> _Instructions to follow_: Find the line below with "U.S. President Donald" and the line with "financial strategy adhering". Output them and the lines between, exactly, but not the pictures.

> _Input data_:
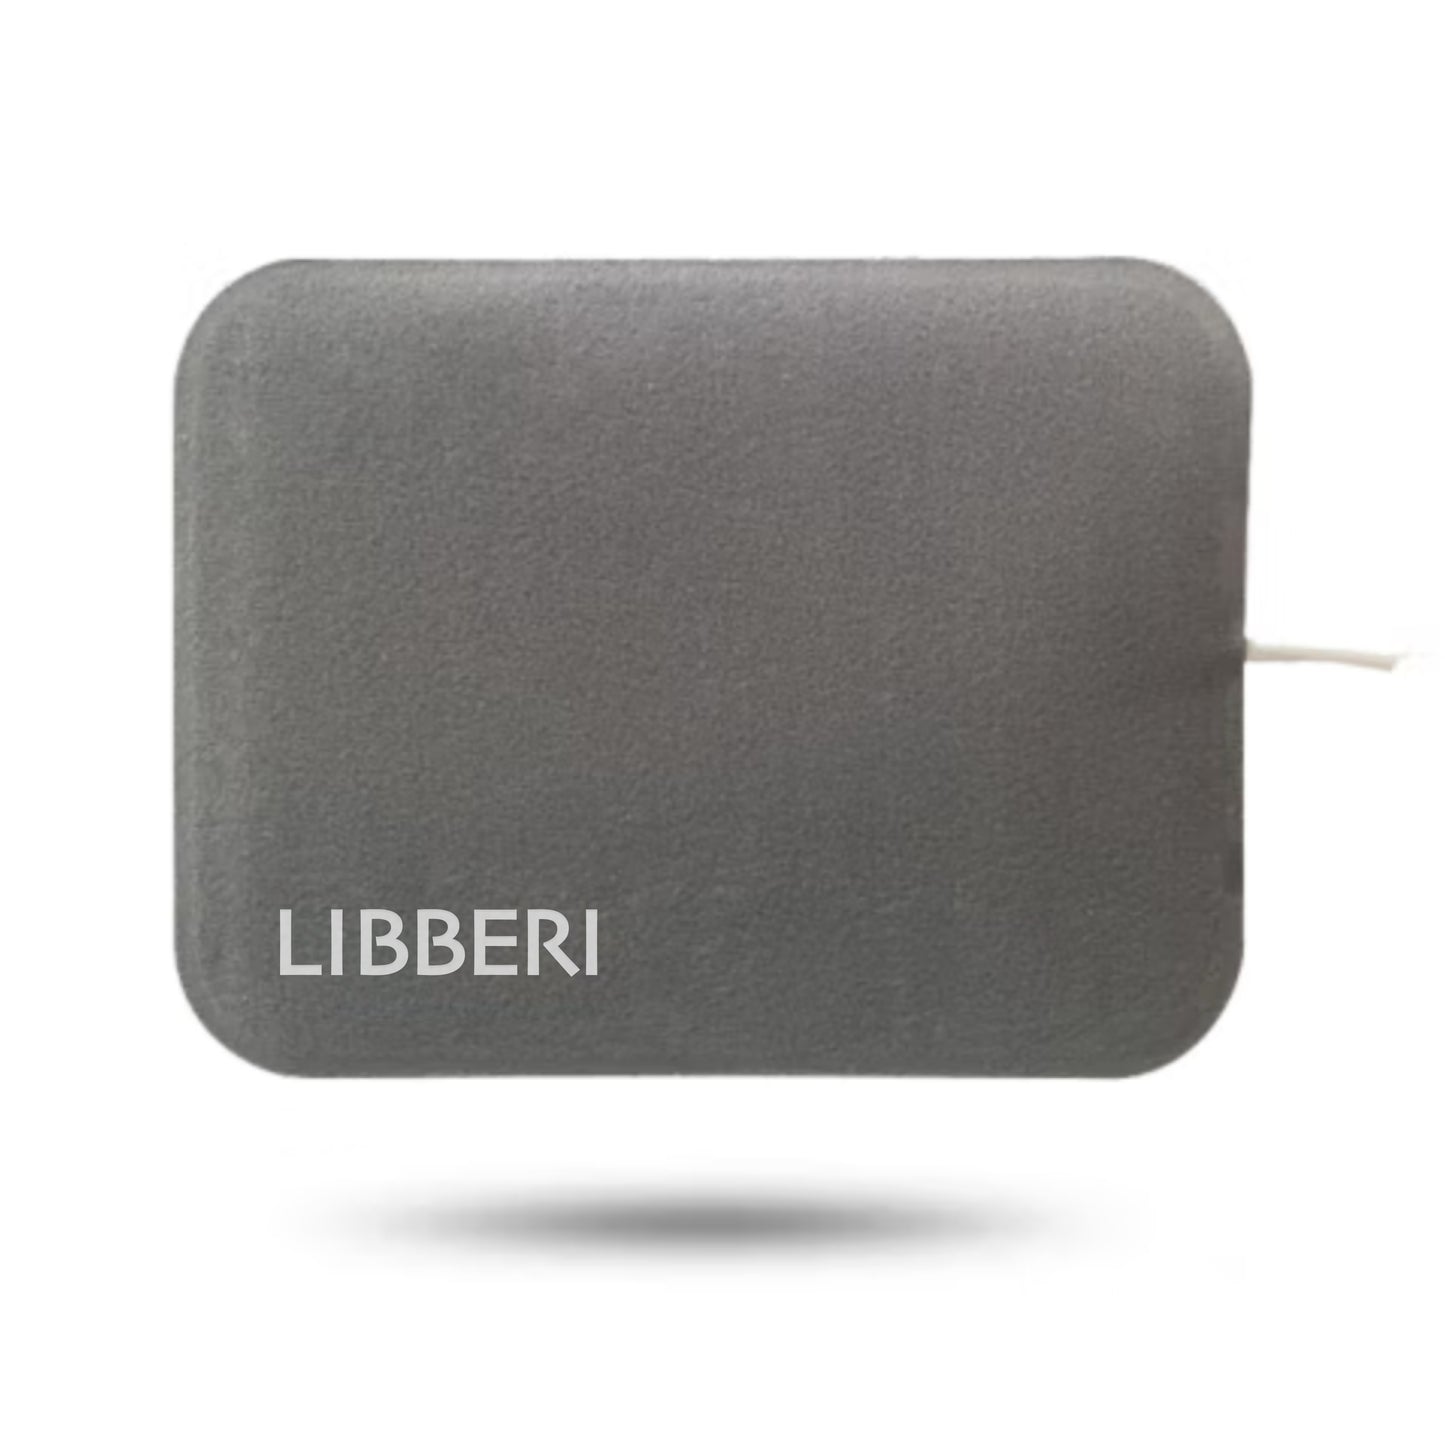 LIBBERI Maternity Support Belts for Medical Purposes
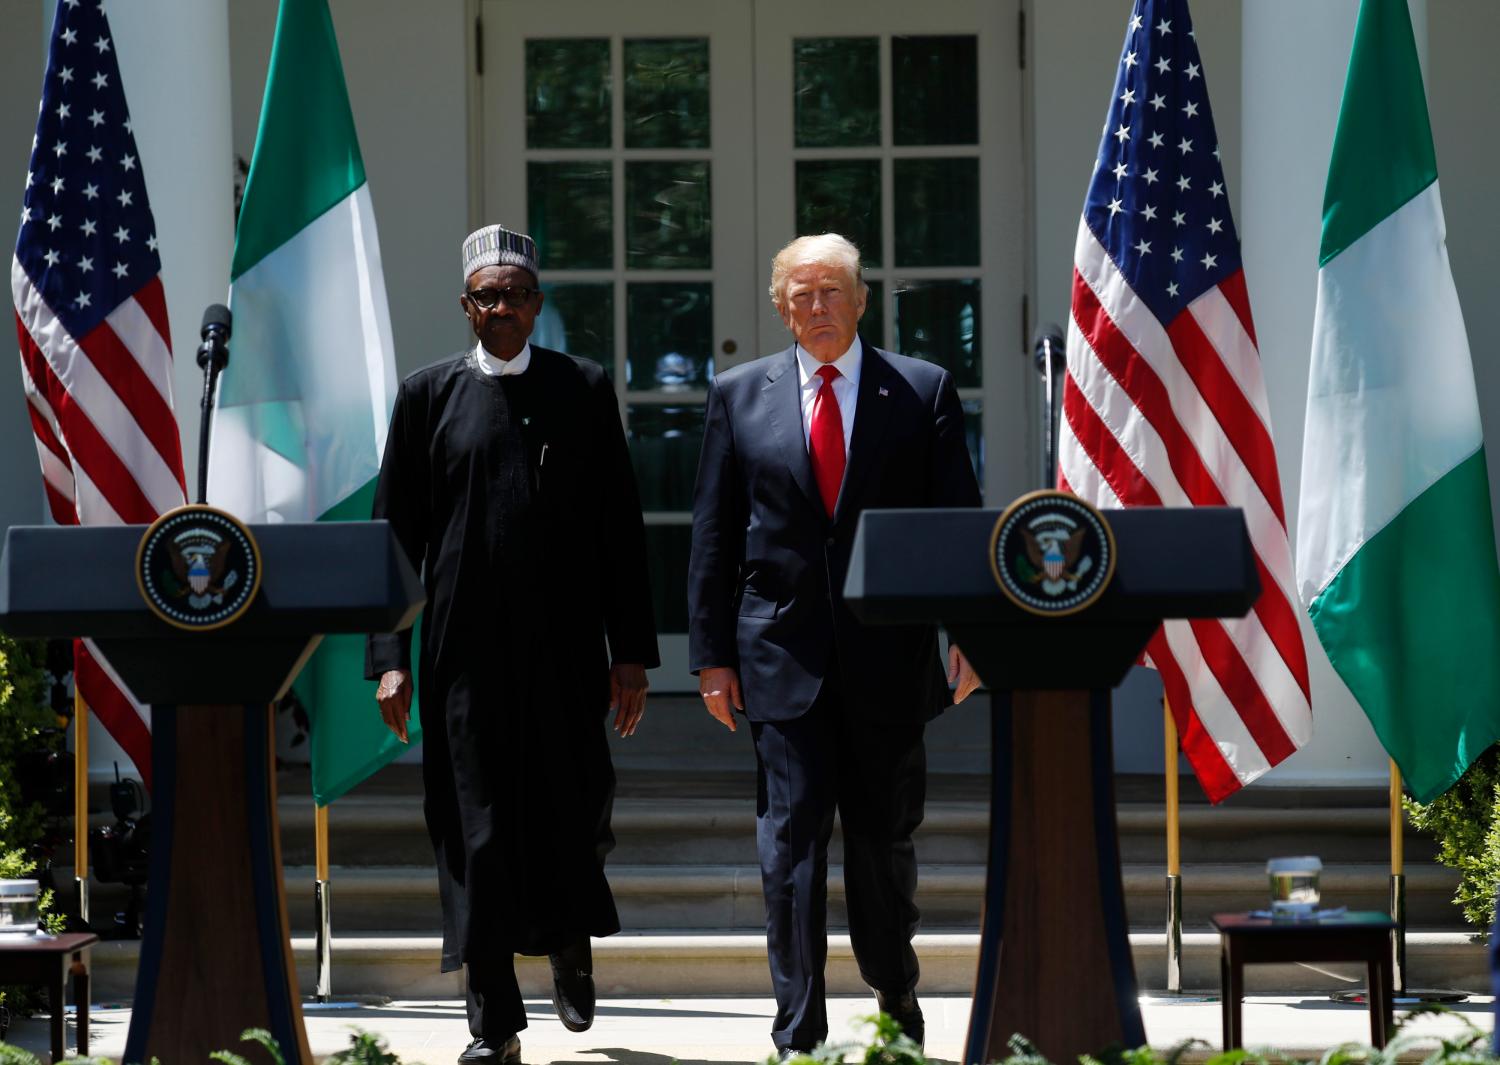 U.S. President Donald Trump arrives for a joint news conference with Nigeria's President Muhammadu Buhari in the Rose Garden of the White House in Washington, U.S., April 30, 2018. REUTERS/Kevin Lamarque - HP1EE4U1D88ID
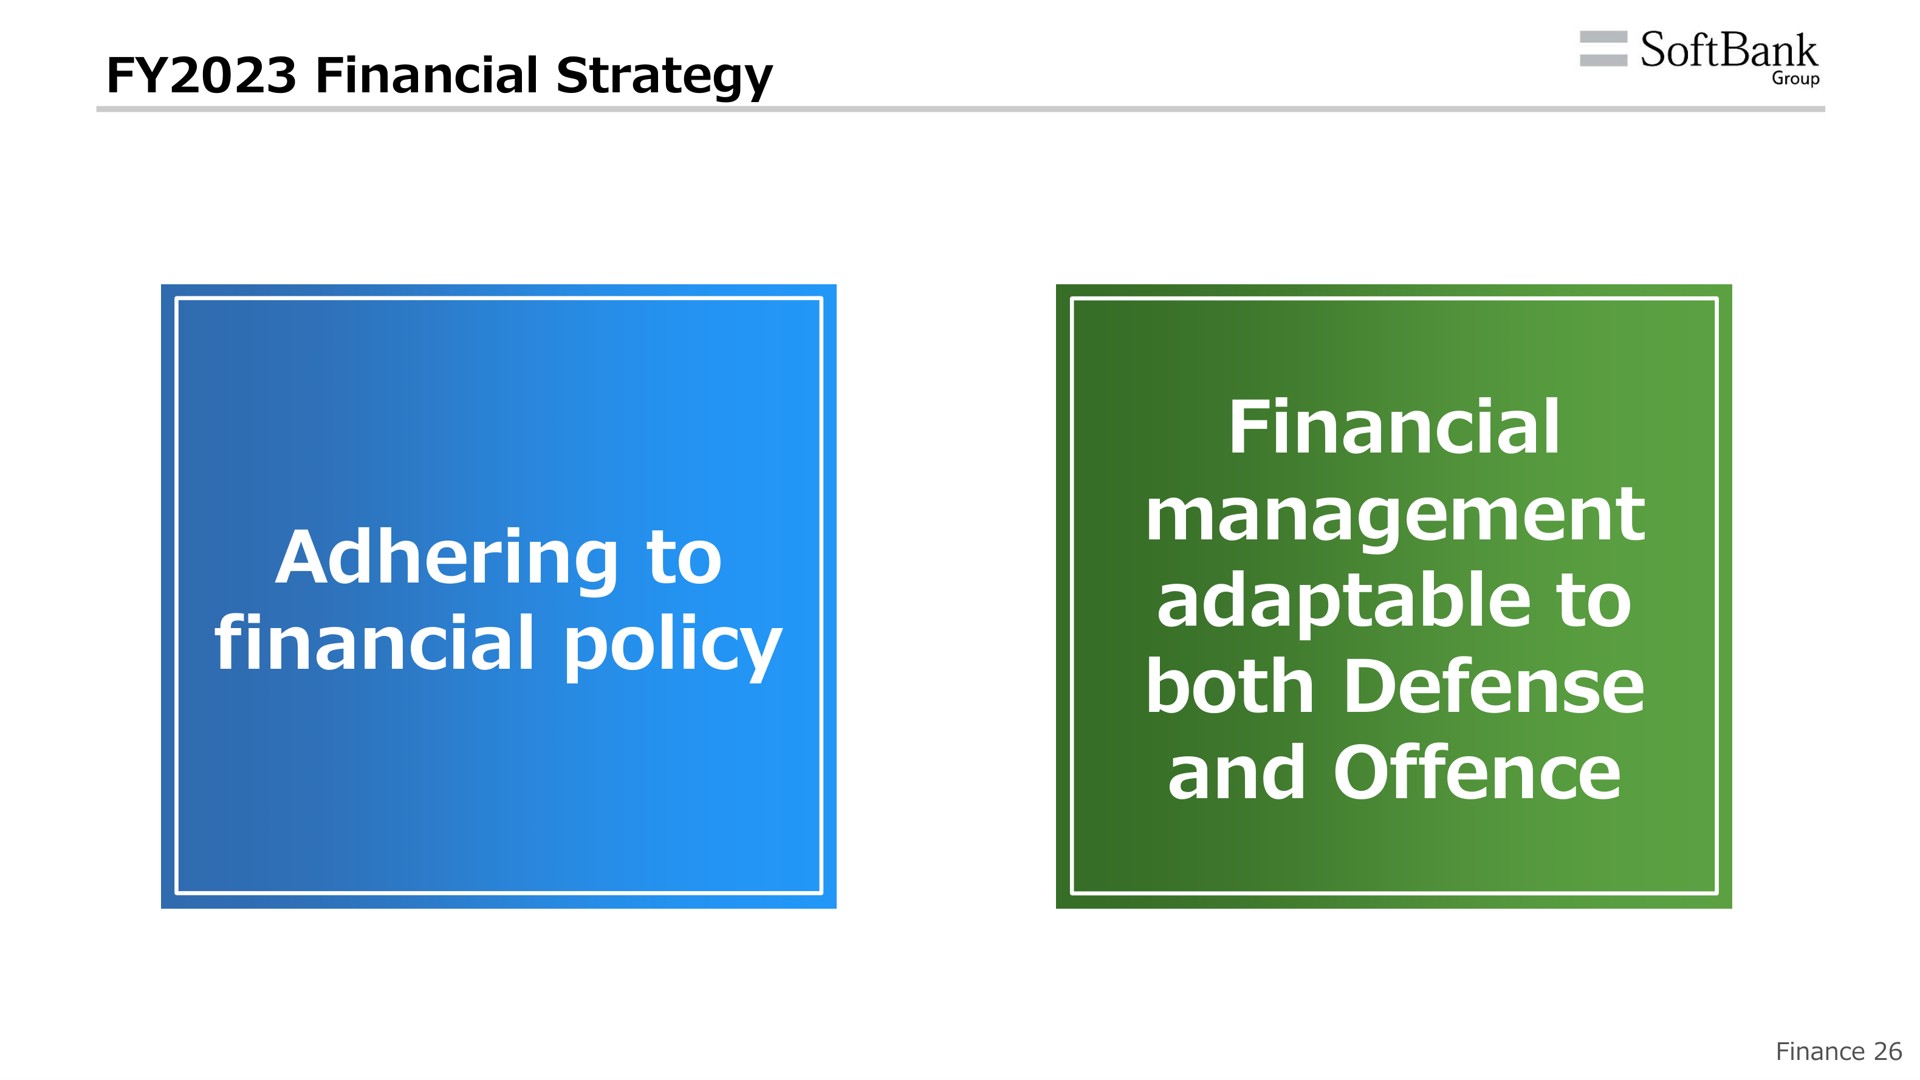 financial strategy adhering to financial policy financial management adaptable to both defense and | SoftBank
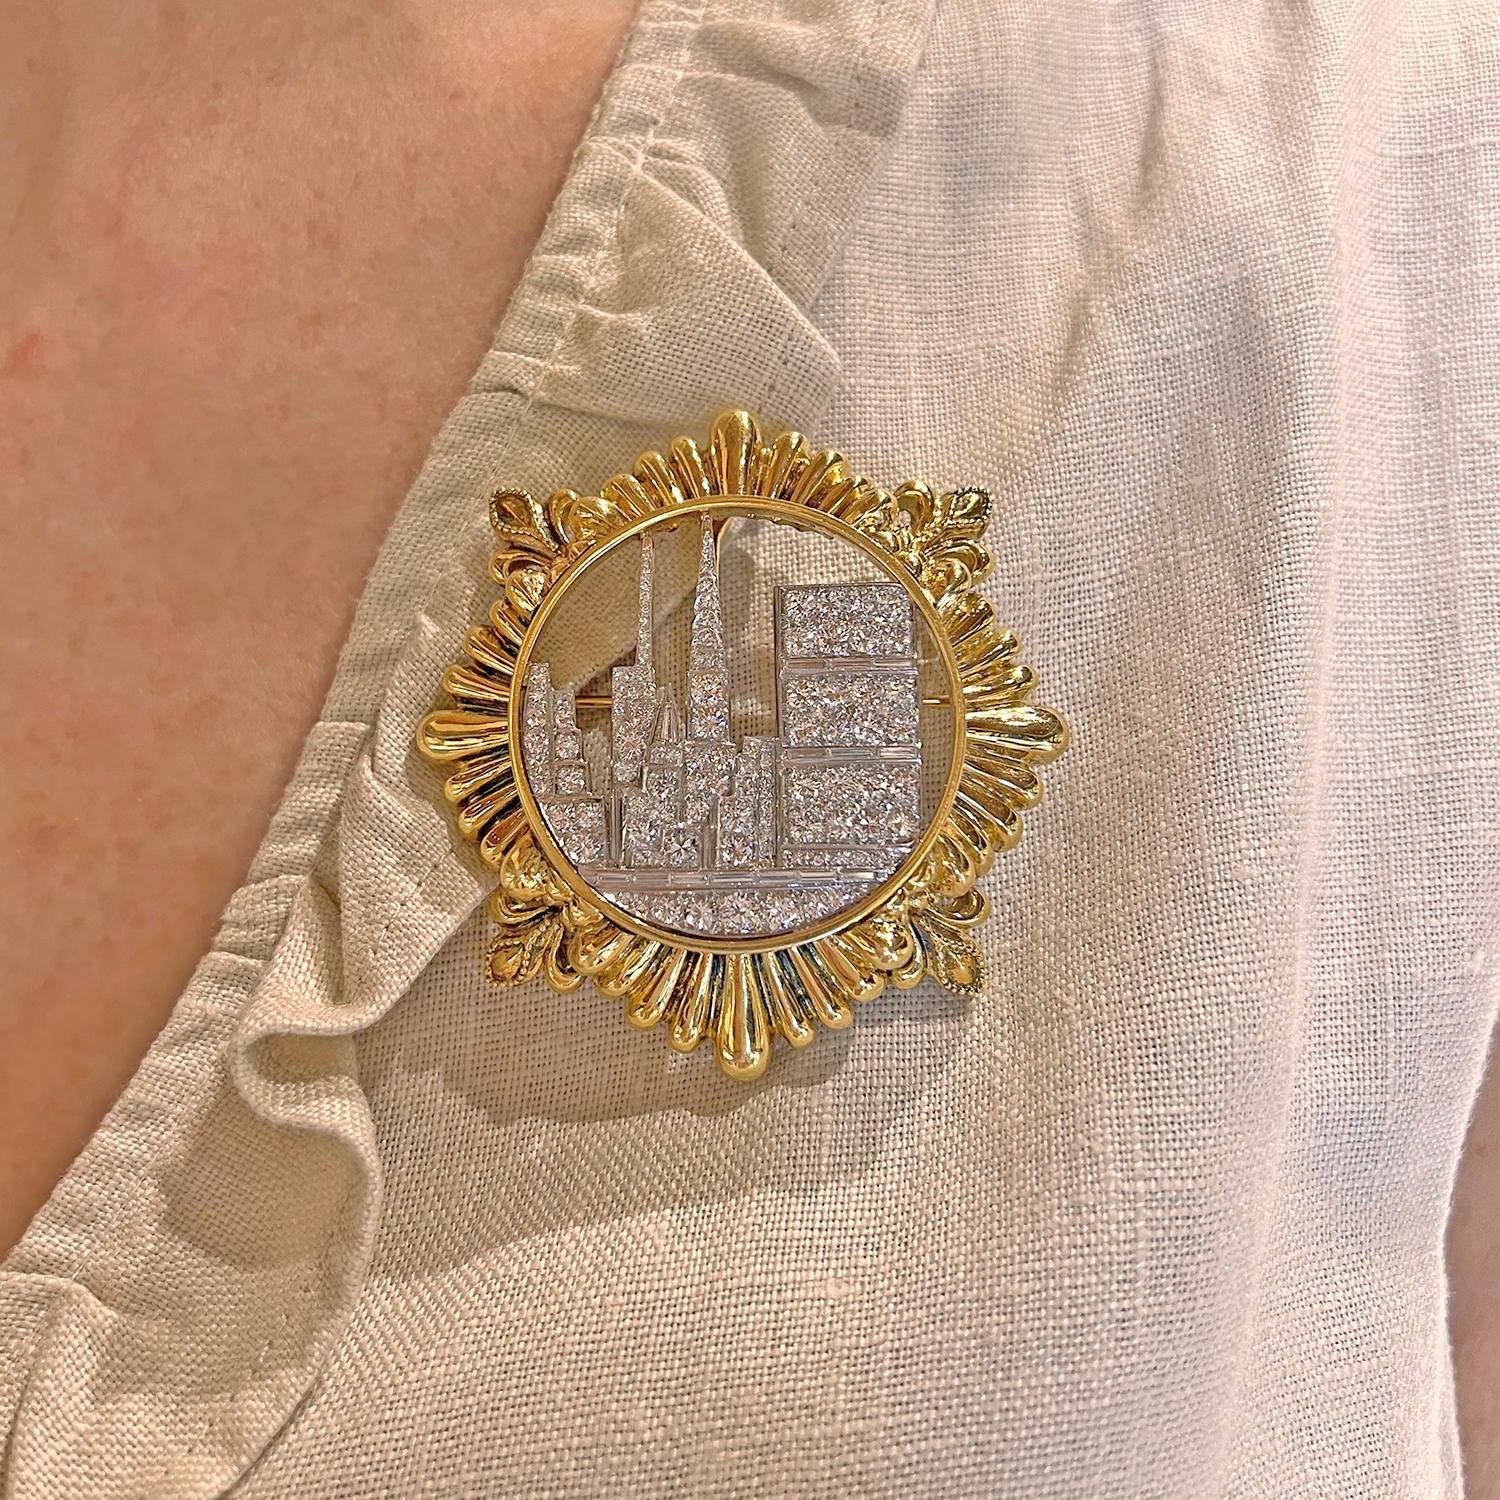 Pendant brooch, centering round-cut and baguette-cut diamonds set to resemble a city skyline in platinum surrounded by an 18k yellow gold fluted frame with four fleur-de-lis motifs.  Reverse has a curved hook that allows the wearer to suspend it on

> _Solution_:
 U.S. President Donald Trump arrives for a joint news conference with Nigeria's President Muhammadu Buhari in the Rose Garden of the White House in Washington, U.S., April 30, 2018. REUTERS/Kevin Lamarque - HP1EE4U1D88ID
 financial strategy adhering to financial policy financial management adaptable to both defense and | SoftBank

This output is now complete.